The union, which represents drivers of private hire cars and other vehicles, says they have a higher than average rate of death from COVID-19 and need the health measures. (Getty)

Judge Martin Chamberlain ruled partly in favor of a judicial review brought by the Independent Workers' Union of Great Britain, after concluding that the EU's use of the term "worker" in key health and safety directives include those who work without an employment contract.

The High Court judge found that the U.K. has failed to properly implement two EU directives by protecting only "employees," a category that excludes workers in the gig economy. One directive sets out measures to ensure the health and safety of workers at work; another sets out minimum requirements for personal protective equipment in the workplace.

The workers' union, which was founded in 2012 and has approximately 5,000 members, represents drivers of taxis, private hire vehicles, coaches and vans. It says they have a higher than average rate of death from COVID-19 and so need the health and safety measures set out in the EU directives.

The gap in protection had existed since the directives were transposed into U.K. law in 1992, but the union said the pandemic gave the matter "a particular salience and significance."

The Department for Work and Pensions and the Department for Business, Energy and Industrial Strategy had argued that the EU's definition of work extends only to those "employed by an employer," which had properly been transposed into domestic law.

The departments also said that there are other forms of protection in the U.K. for workers who are not employees that meet the EU's minimum standards, even if they are not identical.

The judge ruled in favor of the government on one of the union's claims. He found that EU law that imposed a duty on employers to ensure the health and safety of their workers in every aspect of their work had in fact been reflected in domestic law.

But he found against the U.K. on the rest of the claim, which focused on the rights of workers to refuse to work because of a perceived danger and the use of PPE.

The union said that all gig economy workers will be able exercise their rights to health and safety protection and PPE once the government takes the steps required under the ruling — including by taking legal action against employers who dismiss them for refusing to work in poor conditions.

"Key workers have been calling for greater protection throughout the pandemic, and this has largely fallen on the deaf ears of their employers," Alex Marshall, union president, said in a statement. "This ruling is long overdue, and the IWGB expects that, in the light of this clear ruling, the U.K. government will now take urgent legislative measures to ensure workers' safety."

The question for the judge focused only on whether the U.K. had properly implemented EU law, which is binding until the end of the transition period on Dec. 31. The judge said he was not required to consider whether individual businesses were doing enough to protect their workers.

A government spokesperson said it acknowledges the judgment "and will set out our formal response shortly,"

According to the ruling, the union's legal department handled some 144 queries about COVID-19 between the start of March and mid-May.

The union also received 50 requests for assistance from couriers claiming they had not been provided with PPE and that social distancing was not being enforced while they waited for collections outside restaurants. There were also cases of medical couriers complaining that the COVID-19 samples they were delivering had not been packaged properly, the ruling said.

The gig economy now accounts for at least 4.7 million workers in the U.K., according to the union.

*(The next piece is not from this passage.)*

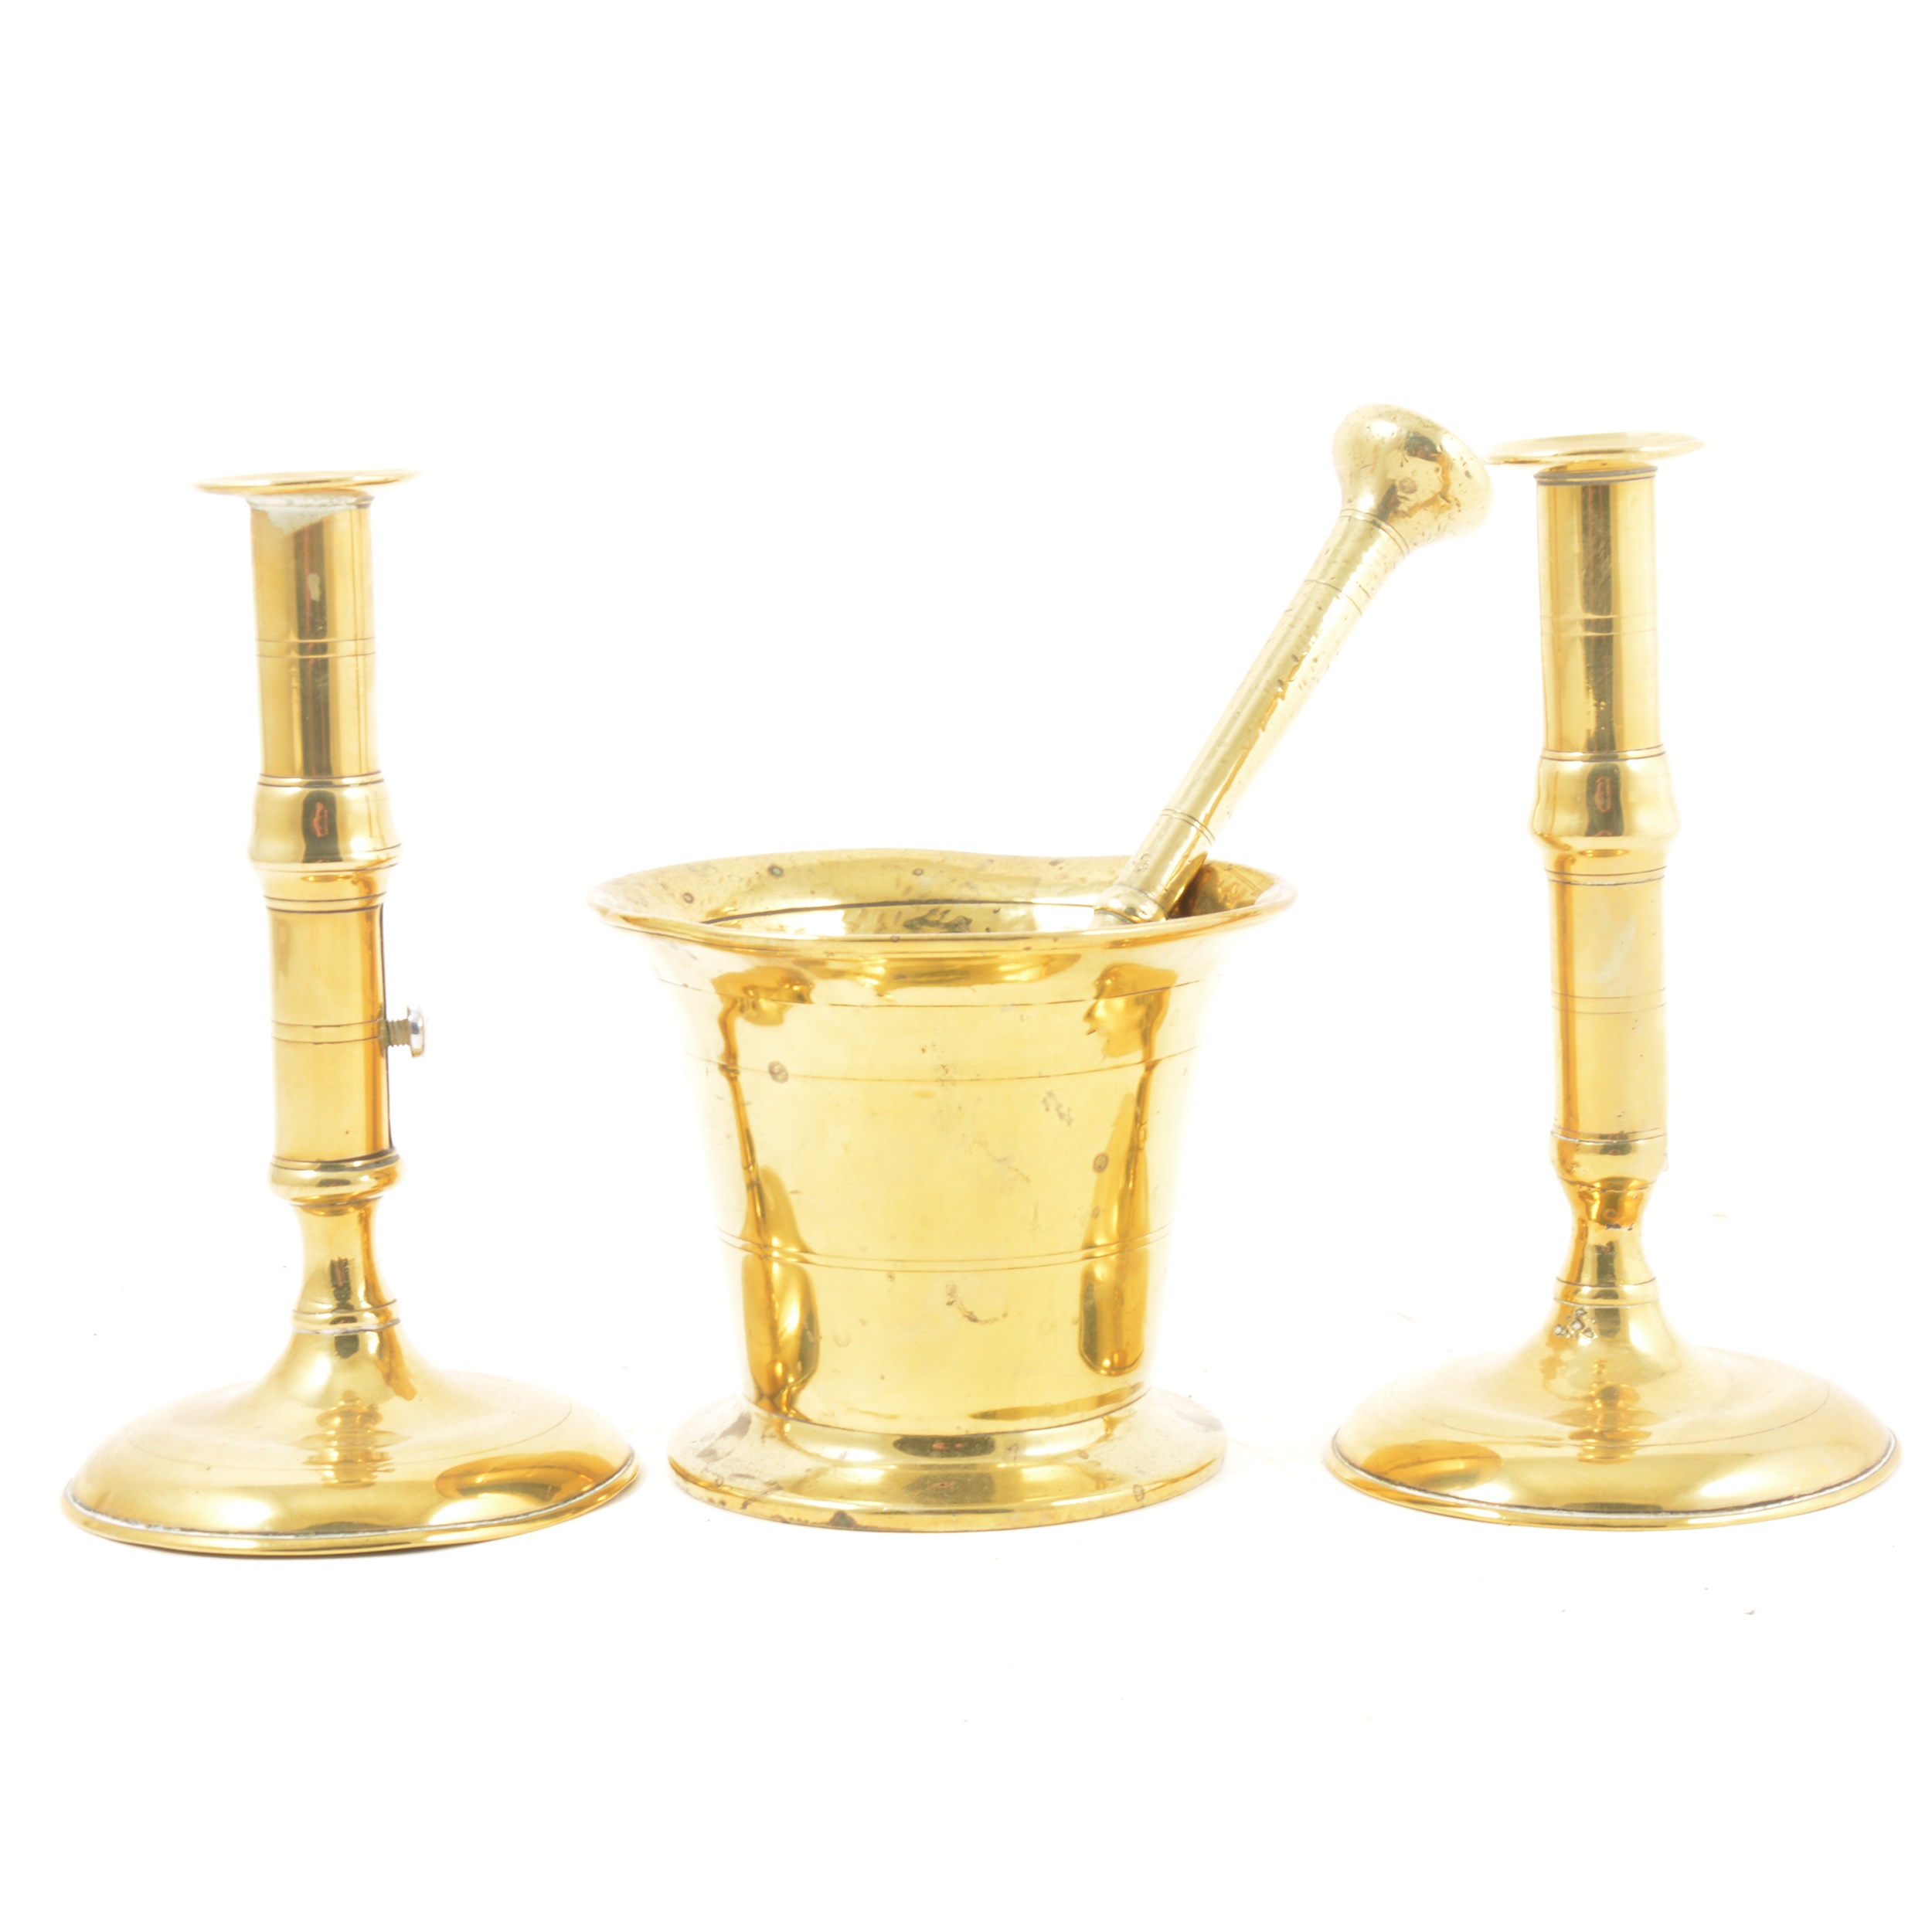 Brass pestle and mortar and a brass candlesticks

The union is represented by Ijeoma Omambala QC and Cyril Adjei of Old Square Chambers, instructed by Harrison Grant Solicitors.

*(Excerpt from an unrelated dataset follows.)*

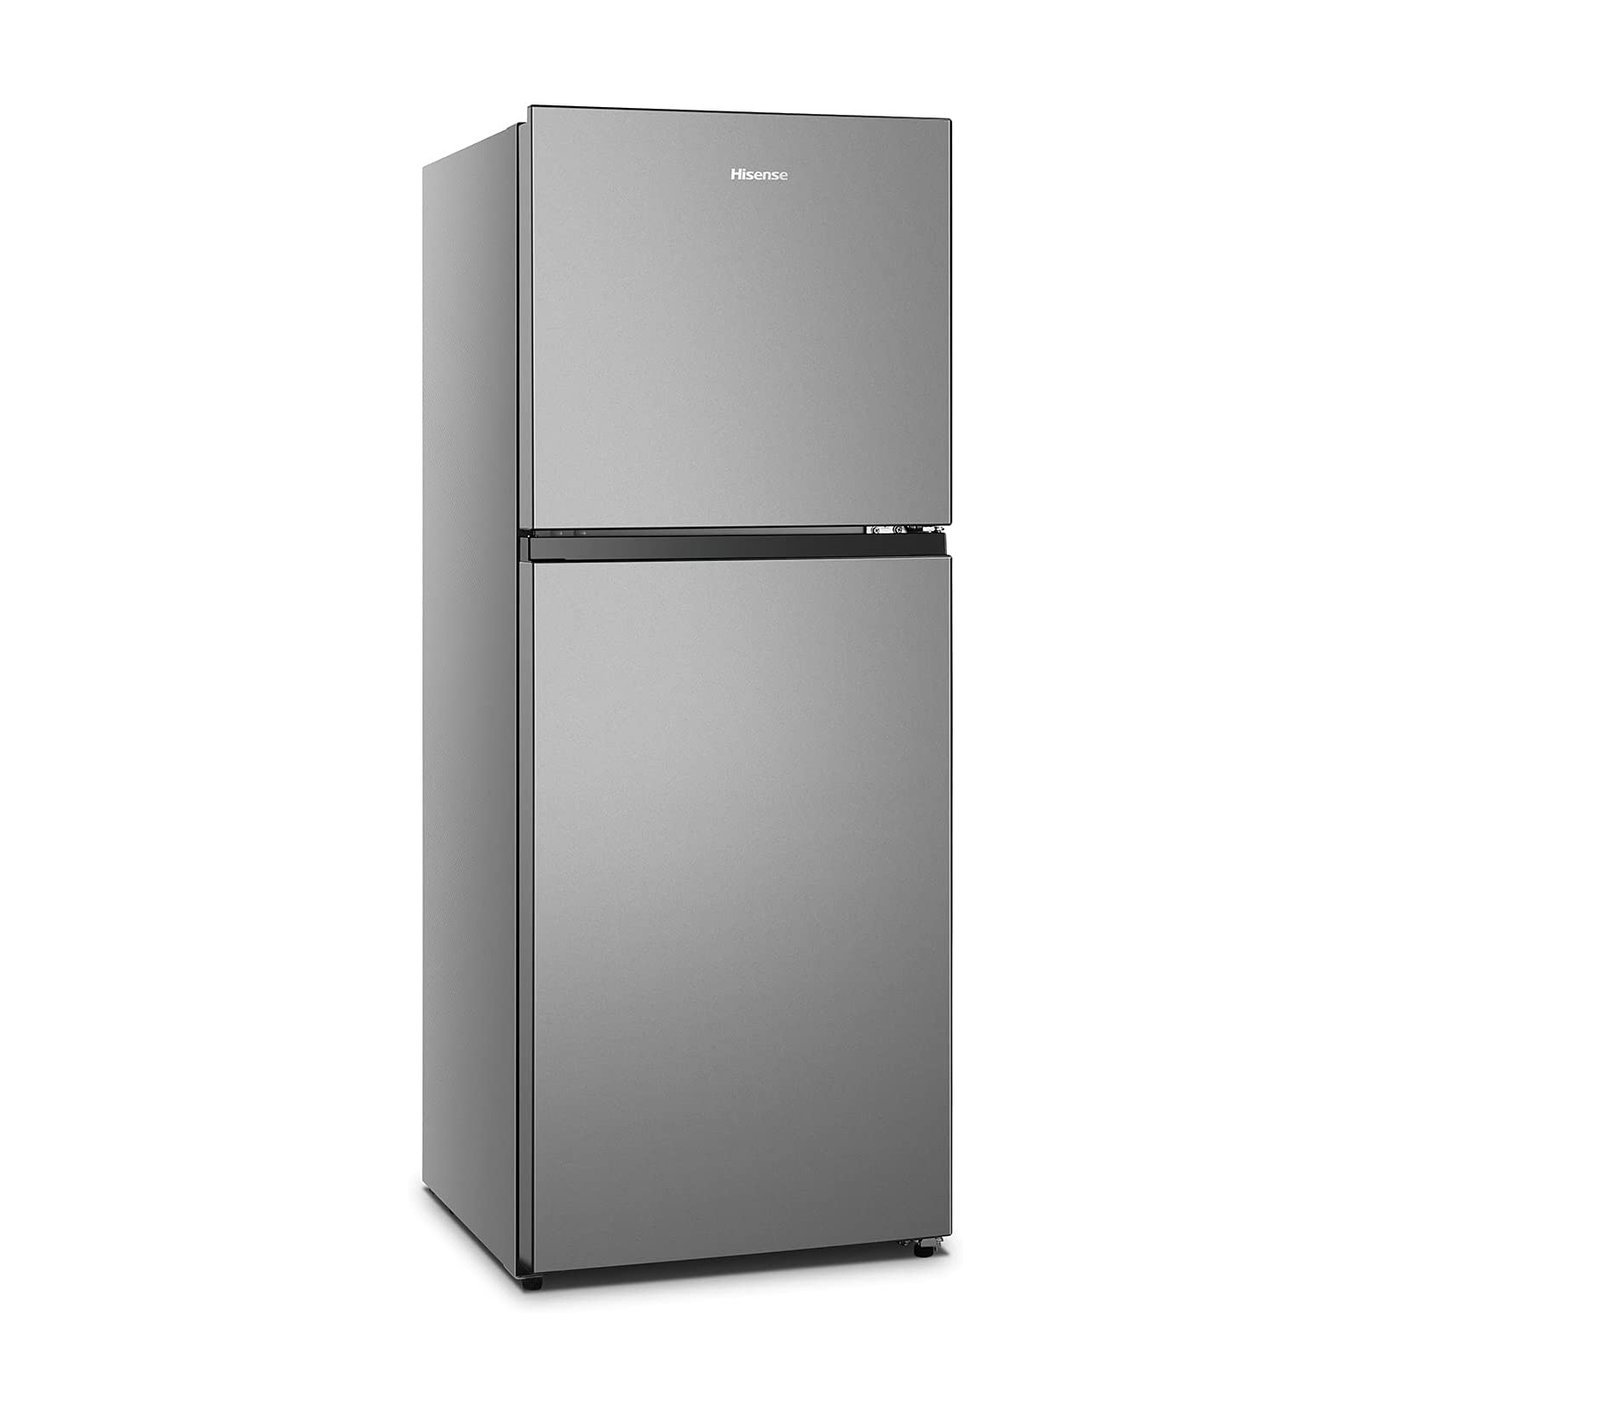 Hisense 264 Liter Refrigerator Double Door Silver Model RT264N4DGN | 1 Year Full 5 Years Compressor Warranty.

The Secretary of State for Work and Pensions, The Secretary of State For Business, Energy and Industrial Strategy and the Health and Safety Executive are represented by Caspar Glyn QC and Tom Brown of Cloisters, instructed by the Government Legal Department.

The case is R (The Independent Workers' Union of Great Britain) v. Secretary of State for Work and Pensions and another, case number CO/1887/2020, in the High Court of Justice of England and Wales.